= American Association of Physicians of Indian Origin =

Professional association

The American Association of Physicians of Indian Origin (AAPI) is a professional association for Indian American physicians.

The association is based in Chicago and was founded in 1982. As of 2019, it claims a membership of 80,000 physicians.

== History ==

=== Founding ===
From the 1960s to the 1970s, the United States saw a large influx of medical students and physicians from India who were looking to continue their studies, intern or practice. However, while trying to apply for residencies, promotions, medical licenses, etc., many experienced discrimination and difficulties despite being qualified for these positions. This led to the formation of regional Indian-origin physician organizations such as the Michigan Association of Physicians of Indian Origin (MAPI), which was established in 1976 to support Indian medical graduates in the area. Leaders in organizations across U.S., such as Dr. Navin Shah from Washington D.C., reached out to other organizations proposing that they all come under one national organization, and in 1982, the first national meeting was hosted by MAPI in Dearborn, Michigan. The new organization started out small, with only five organizations at the meeting. During the meeting, they elected people for various leadership positions and drafted a Constitution and Bylaws. AAPI's initial goals thus became to lobby Congress and confront the American Medical Association in order to receive fair treatment.

==Doctors of Indian origin==
As of 2019, there were about 938,980 active physicians in the US; Indian-origin physicians account for at least 8.5% of the total physician population.

It is noteworthy that India provides the largest number of International Medical Graduates to the US in absolute numbers. More generally, India has been an important source of medical doctors for foreign countries since the 1960s.

Dr. Anjana Samadder, a Gastroenterologist from Ohio, is the organization's president.

==Jagdish Tytler controversy==
In June 2004, AAPI became involved in a controversy for its invitation to India's then-Minister for Non-Resident Indian Affairs Jagdish Tytler to be honored at a dinner gala. Mr. Jagdish Tytler was controversial because of his alleged involvement in inciting violence during the 1984 anti-Sikh riots that followed the assassination of Prime Minister Indira Gandhi.
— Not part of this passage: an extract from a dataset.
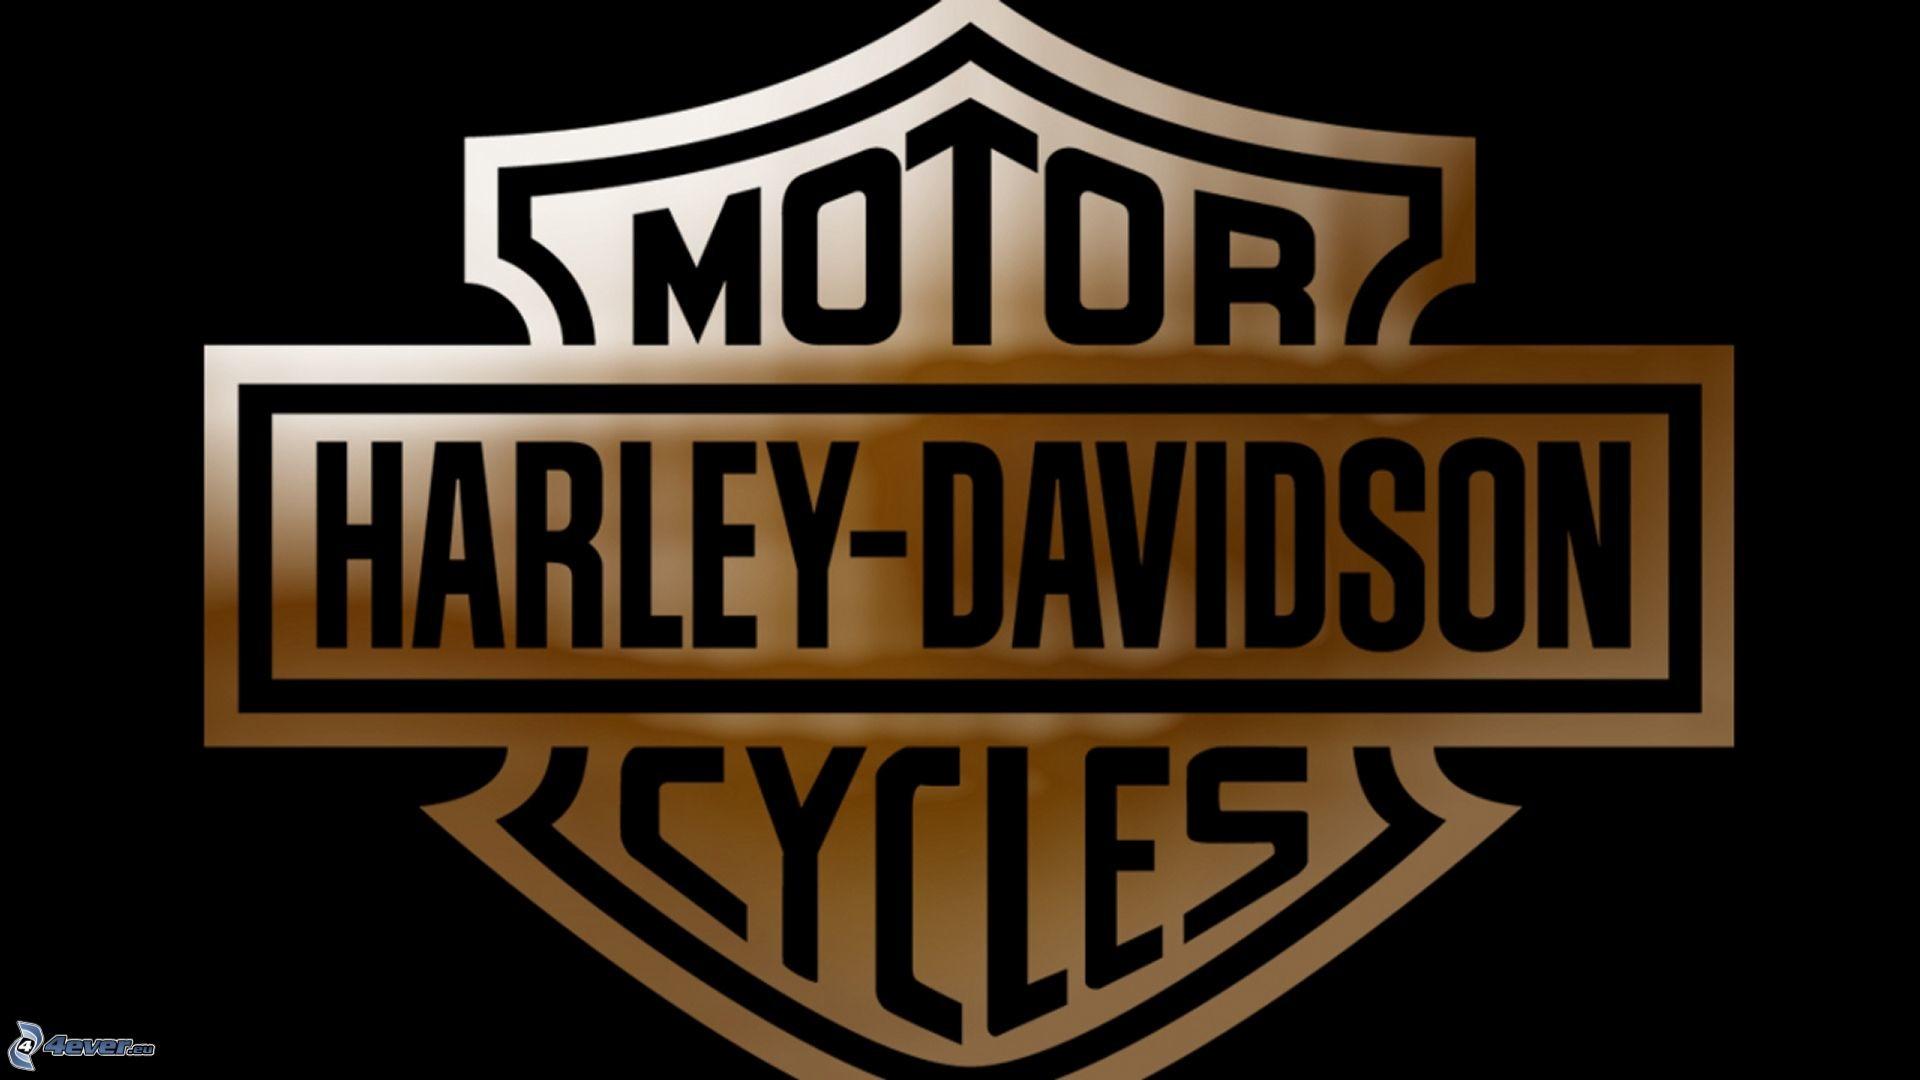 Harley Davidson Logo Wallpaper

Various human rights and Sikh groups threatened to hold demonstrations at the venue and the invitation to Jagdish Tytler was withdrawn. Tytler resigned from the Indian government after being indicted by the official Nanavati Commission of inciting mobs for violence.

==Events==

American Association of Physicians of Indian Origin organised 15th Annual Global Health Summit as part of 5th Azadi Ka Amrit Mahotsav initiative at Avasa Hotel, Hyderabad, India, during January 2022. Shri Venkaiah Naidu, Hon'ble Vice President of India, was the Chief Guest. At the summit the theme on the benefits of Yoga and Meditation on mental and emotional health was stressed.

== Demographic background and place in American health workforce ==
Physicians and dentists of Indian origin in the United States comprise a disproportionately large portion of the health workforce in comparison with their proportion of the total population. According to national snapshots, Asians are estimated to make up approximately 19% of active physicians, and about 18& of practicing dentists; the Indian Americans are estimated to make up approximately 13% of all physicians in the U.S. although the number of Indians is very low.
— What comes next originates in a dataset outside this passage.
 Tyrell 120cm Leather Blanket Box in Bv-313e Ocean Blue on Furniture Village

This trend has been attributed by scholars to a number of structural factors taken over the long term. The Immigration and Nationality Act of 1965 also eliminated national-origin quotas, enlarged family-based and employment-based immigration, which opened the doors to highly educated professionals in India. The established credentialing systems like Educational Commission for Foreign Medical Graduates (ECFMG) certification and the United States Medical licensing exam (USMLE) certification and licensure of physicians and the Integrated National Board Dental Examination (INBDE) and advanced-standing programs provided easy but challenging paths to the Indian medical and dental schools to the U.S. residency, licensure and practice.
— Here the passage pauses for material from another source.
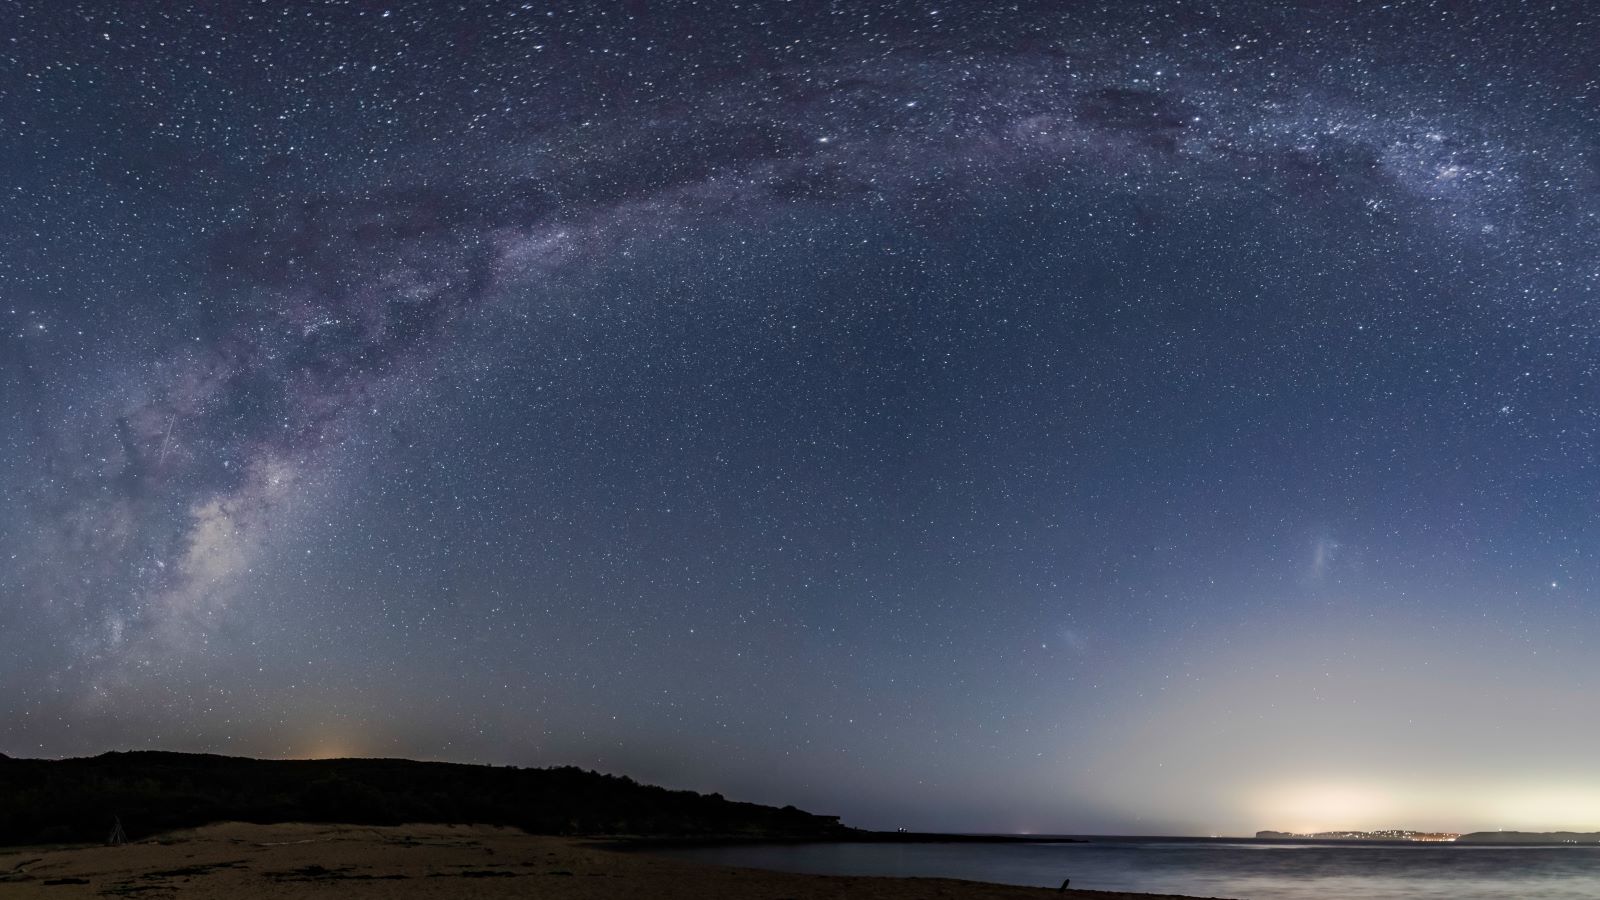 The coastal horizon at night off the Australian eastern coast showing the Milky Way.

These pipelines were also reinforced by economic incentives and community networks. High wage disparities, clinician demand (especially in primary care and underserved communities), and a high education achievement level among most Indian American families stimulated future generations of Indian Americans to pursue medicine and dentistry. In the long-term, the distribution of information about the examinations, residency applications, licensure requirements, and practice opportunities has been shared by dense professional and social networks: alumni associations, regional organizations, national organizations, such as the American Association of Physicians of Indian Origin. These networks have contributed to making individual migration and training pathways permanent and intergenerational pipelines of the Indian-origin physicians and dentists in the United States.